概要
What is YouTube MCP Server?
A Model Context Protocol (MCP) server that integrates with the YouTube Data API, allowing AI language models to retrieve video details, search content, fetch transcripts, analyze channels, and compare performance metrics through a standardized tool interface.
How to use YouTube MCP Server?
Install via npm or Smithery, set the required YOUTUBE_API_KEY environment variable (and optional YOUTUBE_TRANSCRIPT_LANG), then add the server to your MCP client configuration. Invoke any of the nine provided tools (e.g., getVideoDetails, searchVideos, getTrendingVideos) to interact with YouTube content.
Key features of YouTube MCP Server
- Retrieve detailed video information and statistics
- Search videos by keywords with configurable results
- Fetch multi‑language, time‑stamped video transcripts
- Get related videos based on YouTube's recommendation algorithm
- View detailed channel statistics (subscribers, views, count)
- Obtain a channel's most viewed videos
- Calculate engagement ratios (views, likes, comments)

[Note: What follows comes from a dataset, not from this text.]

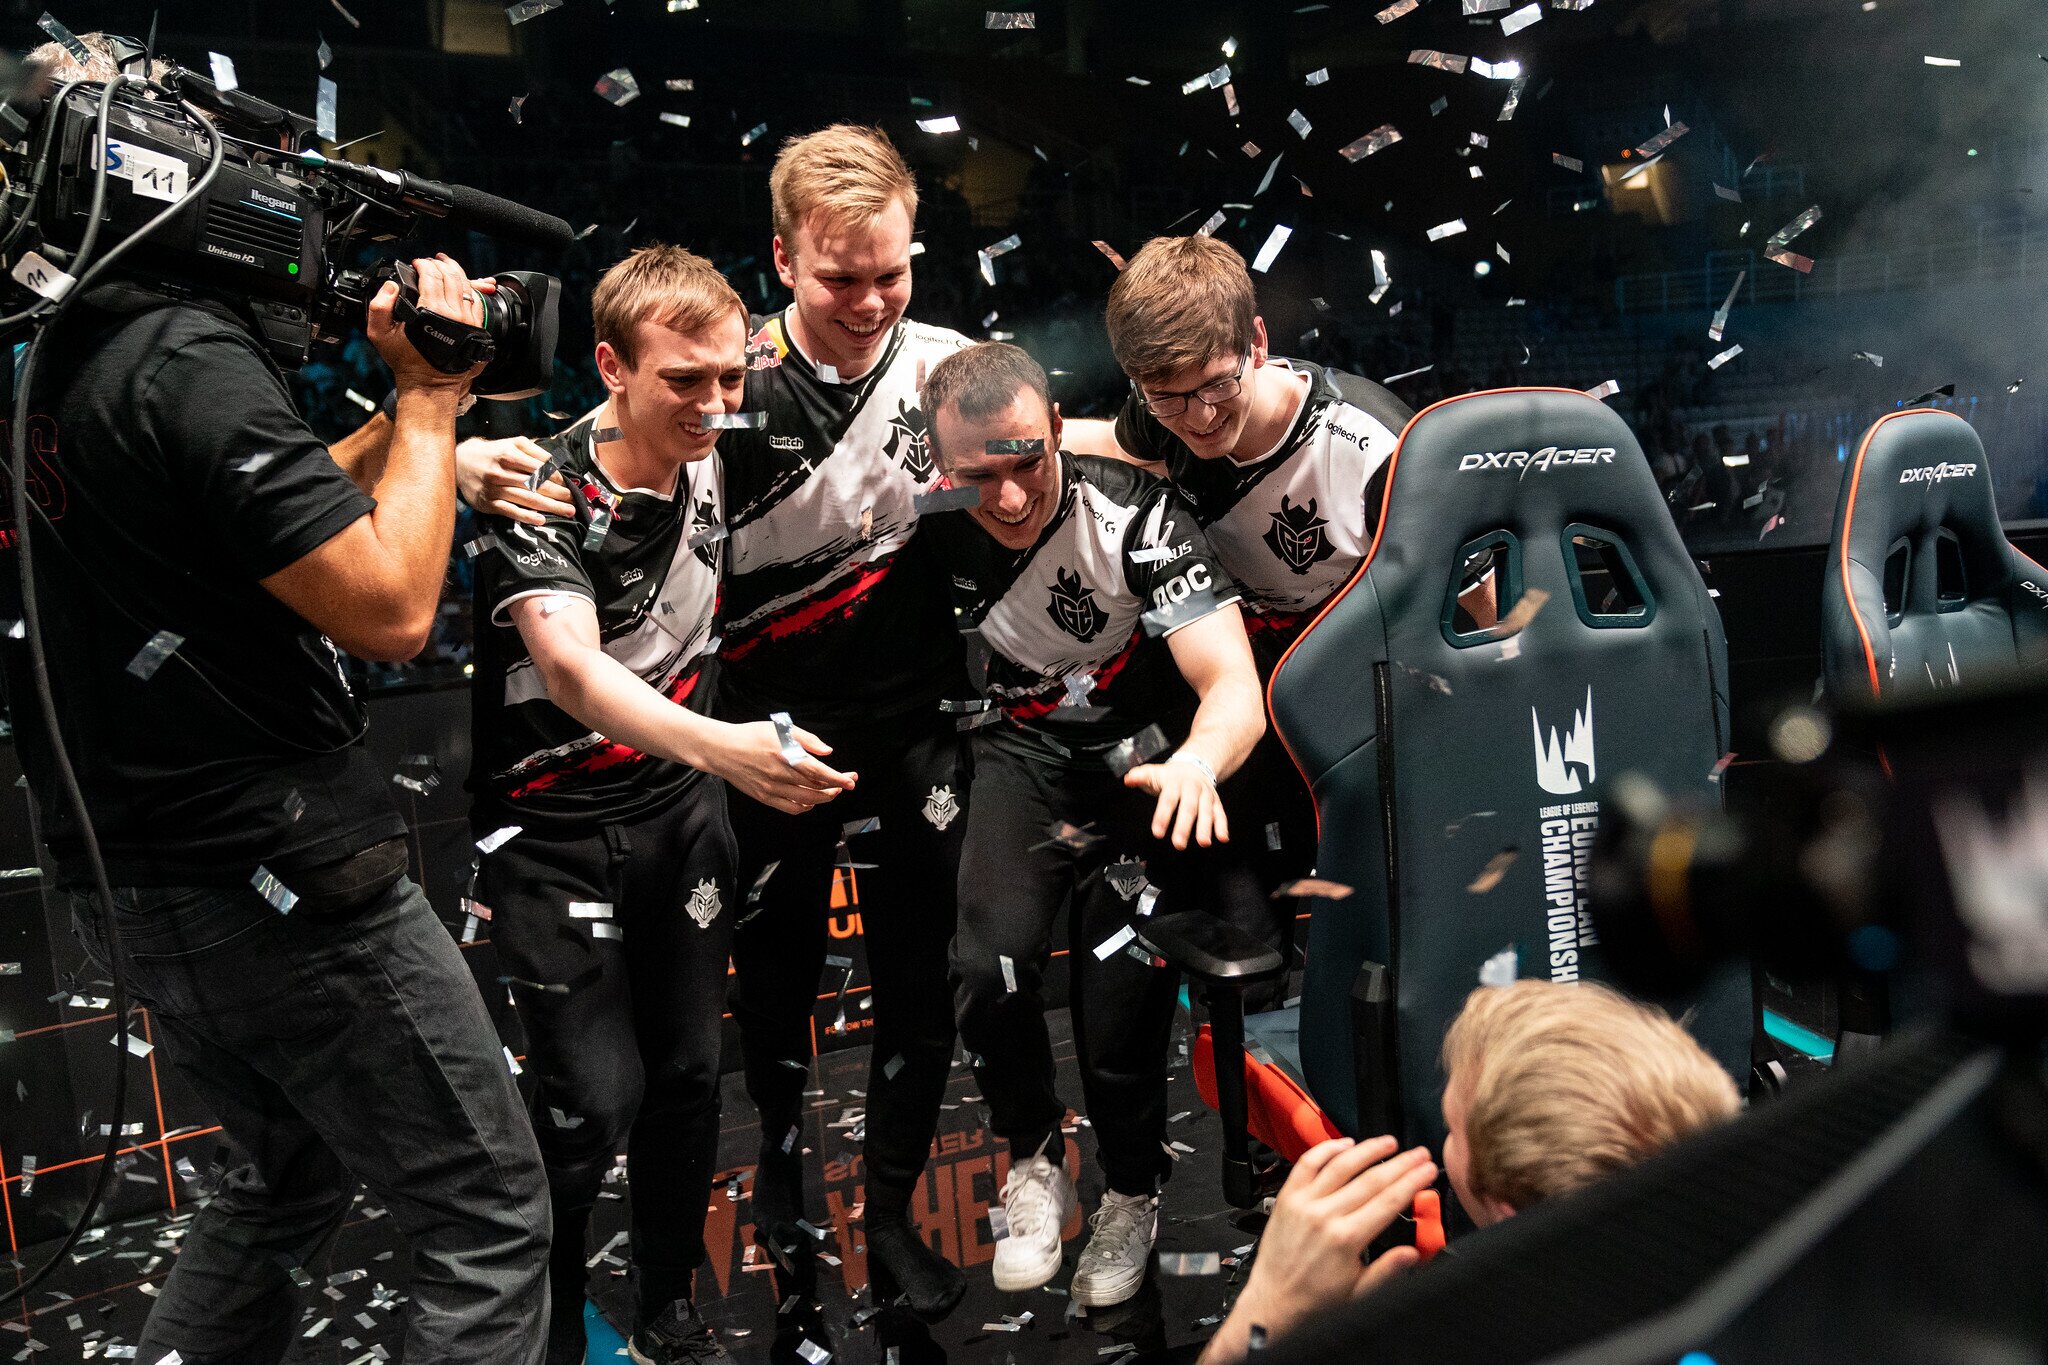 After securing back-to-back LEC championships and an MSI title, the World Championship remains as the final stop on G2’s journey for greatness. (Photo via Riot Games)

- Discover trending videos by region and category
- Compare statistics across multiple videos simultaneously
Use cases of YouTube MCP Server
- Research video performance and engagement for content analysis
- Extract transcripts and captions for accessibility or summarization
- Discover trending content per region or category for trend analysis
- Analyze channel growth and top‑performing videos for marketing
- Compare metrics across several videos to benchmark performance
FAQ from YouTube MCP Server
What runtime is required?
Node.js 18.0.0 or higher.
How do I obtain a YouTube API key?
Access the Google Cloud Console, create or select a project, enable the YouTube Data API v3, and generate an API key under credentials.
What environment variables must be set?
YOUTUBE_API_KEY is required; YOUTUBE_TRANSCRIPT_LANG (default 'ko') is optional.
How are transcripts retrieved?
Use the getTranscripts tool with video IDs and an optional language parameter; the server returns time‑stamped captions.
How should I keep my API key secure?
Never commit the key to version control; manage it through environment variables or configuration files and set usage limits in the Google Cloud Console.